Quartz crystal (from Wikimedia Commons)

If I asked you to imagine a crystal, what would come to your mind?

Most people would probably think of some kind of quartz crystal as in the picture above. Of some color — maybe white, red, or green. Transparent or translucent. With flat and elegant facets. With well-defined edges and corners. The ones that can be found in mines and are commonly sold in souvenir shops throughout (the touristic parts of) the mountains. In fact, as a kid I was very proud of my own little collection of minerals, which I gathered during my family’s summer vacations in the Alps and which also contained some quartz crystals. They are among the most abundant minerals on earth and come in different varieties. Because of their beautiful appearance they have also been used as gemstones for jewelry throughout history. But what does this have to do with physics?

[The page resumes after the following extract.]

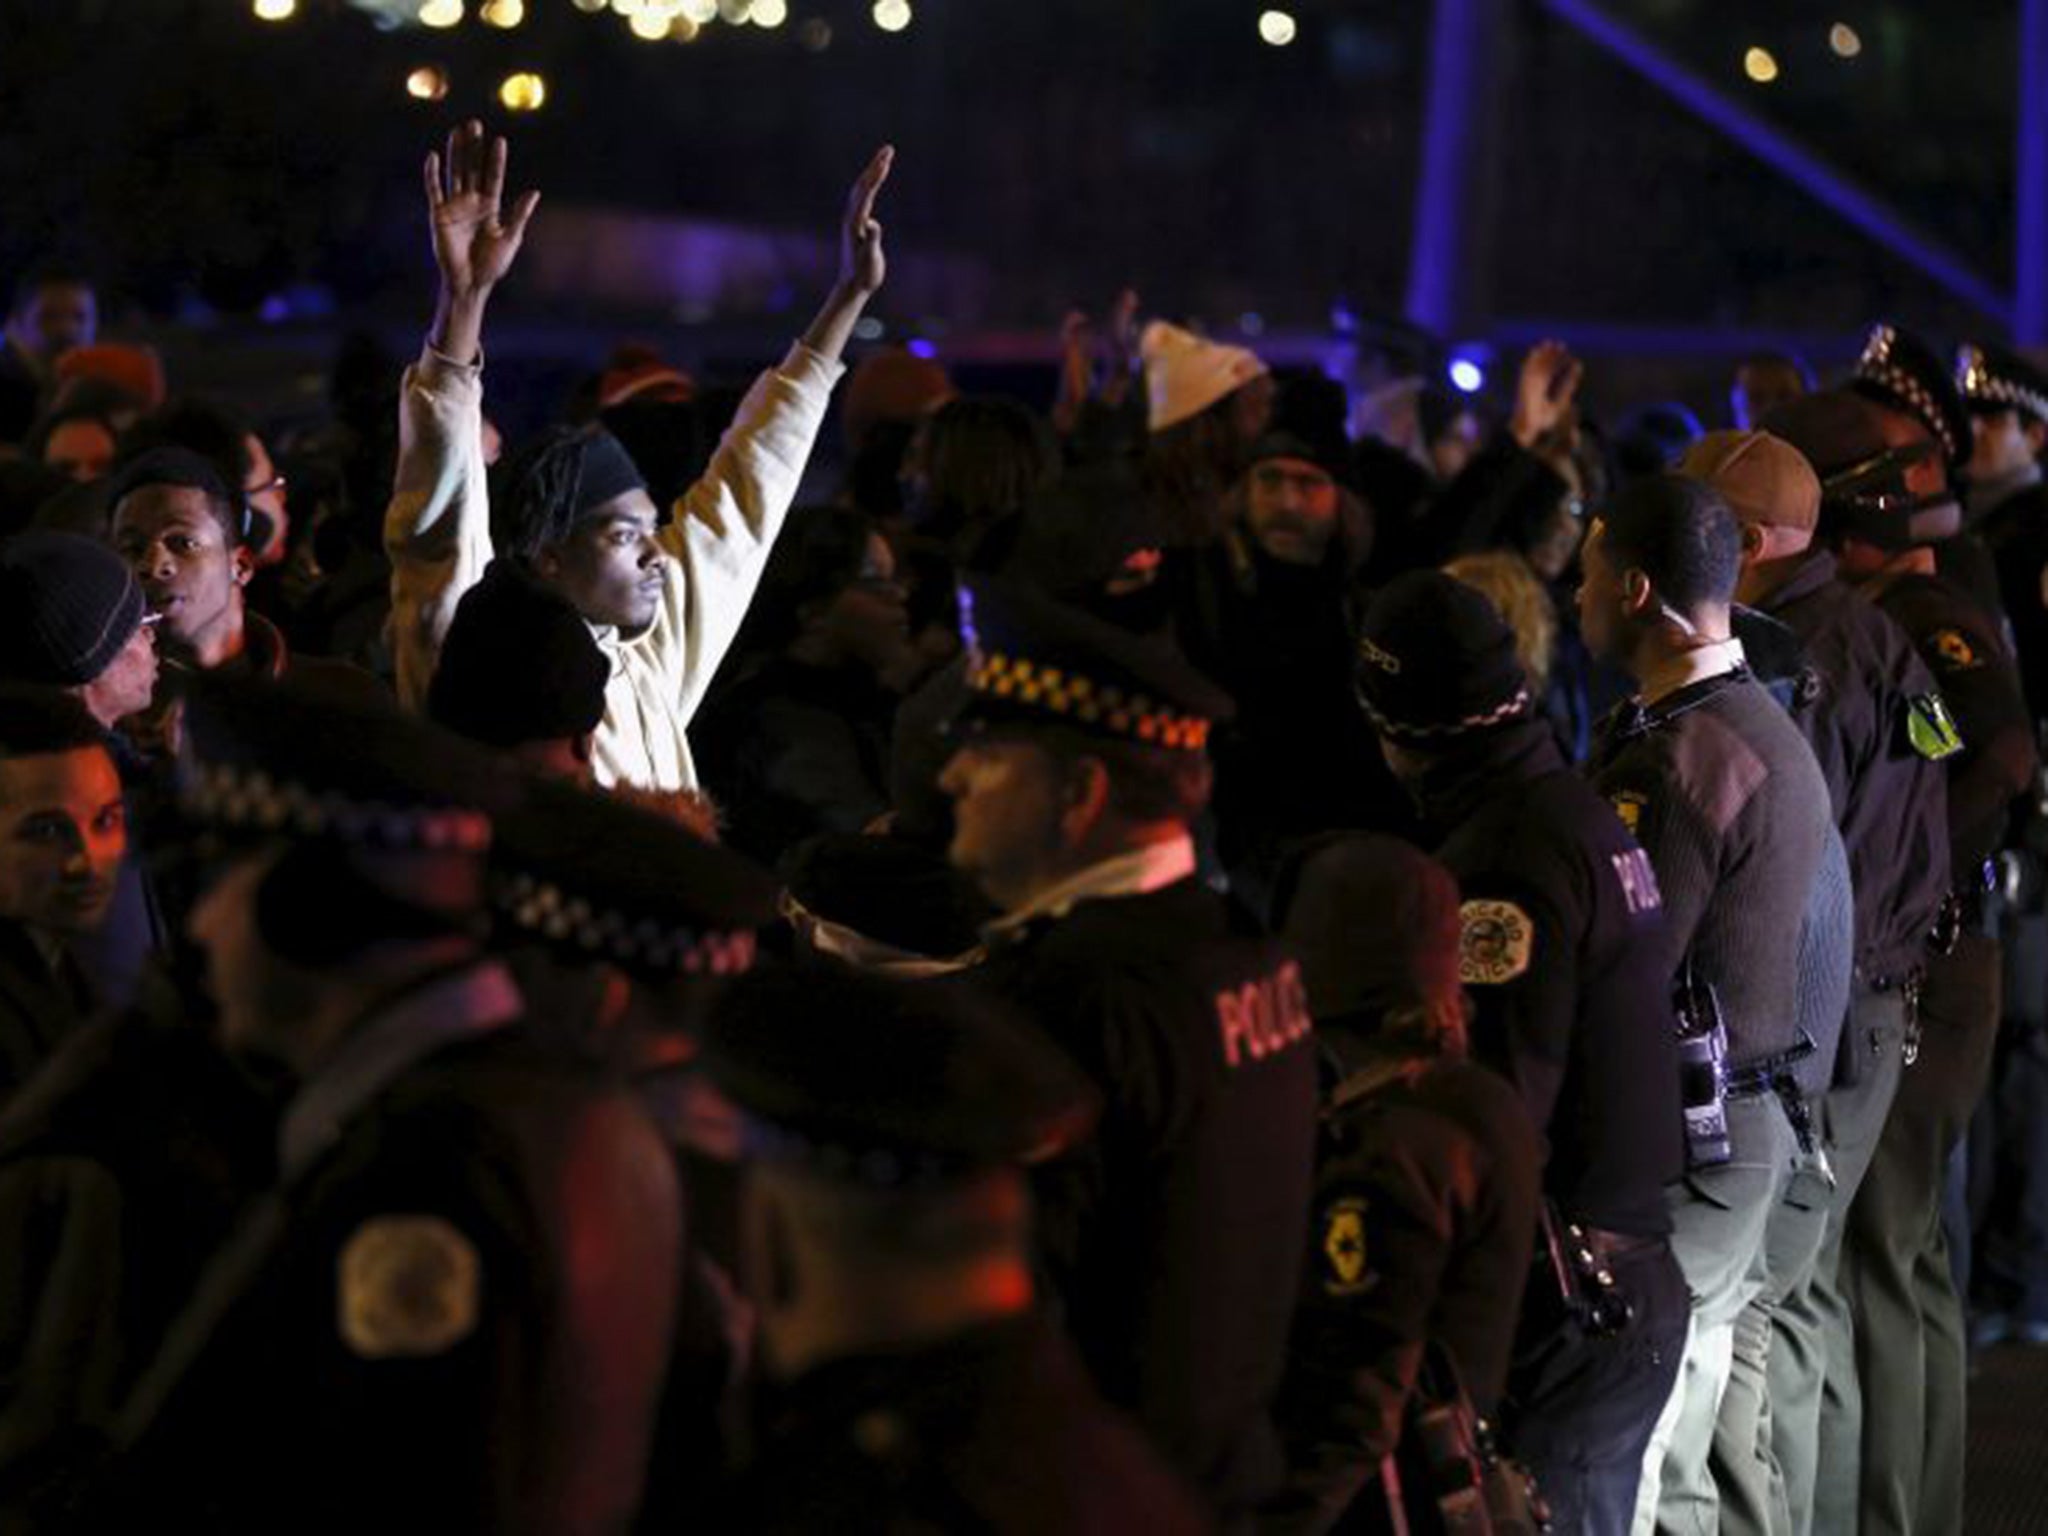 Protesters demonstrate after the release of a video showing the shooting of Laquan McDonald, in Chicago

Quartz is indeed a prototypical crystal. But crystals are so much more than minerals and gemstones, especially from the perspective of a physicist. In my last blog post, where I introduced the field of condensed matter physics — check it out, if you haven’t already — I told you that atoms typically arrange themselves into certain patterns to form the physical matter that surrounds us. Some of these patterns are characterized as crystals. Keeping this in mind, let’s have a closer look at quartz… a much closer look down to the atomic scale. This is actually possible with modern electron microscopes, which can resolve even individual atoms. Quartz consists of silicon and oxygen atoms. More precisely, the oxygen atoms sit at the corners of tetrahedra that form a particular kind of network (see the image below). The silicon atoms are positioned at the centers of these tetrahedra. Most importantly, the pattern of these tetrahedra is not random. The pattern repeats periodically in certain directions. Have a look yourself in the image below: can you find the periodic directions?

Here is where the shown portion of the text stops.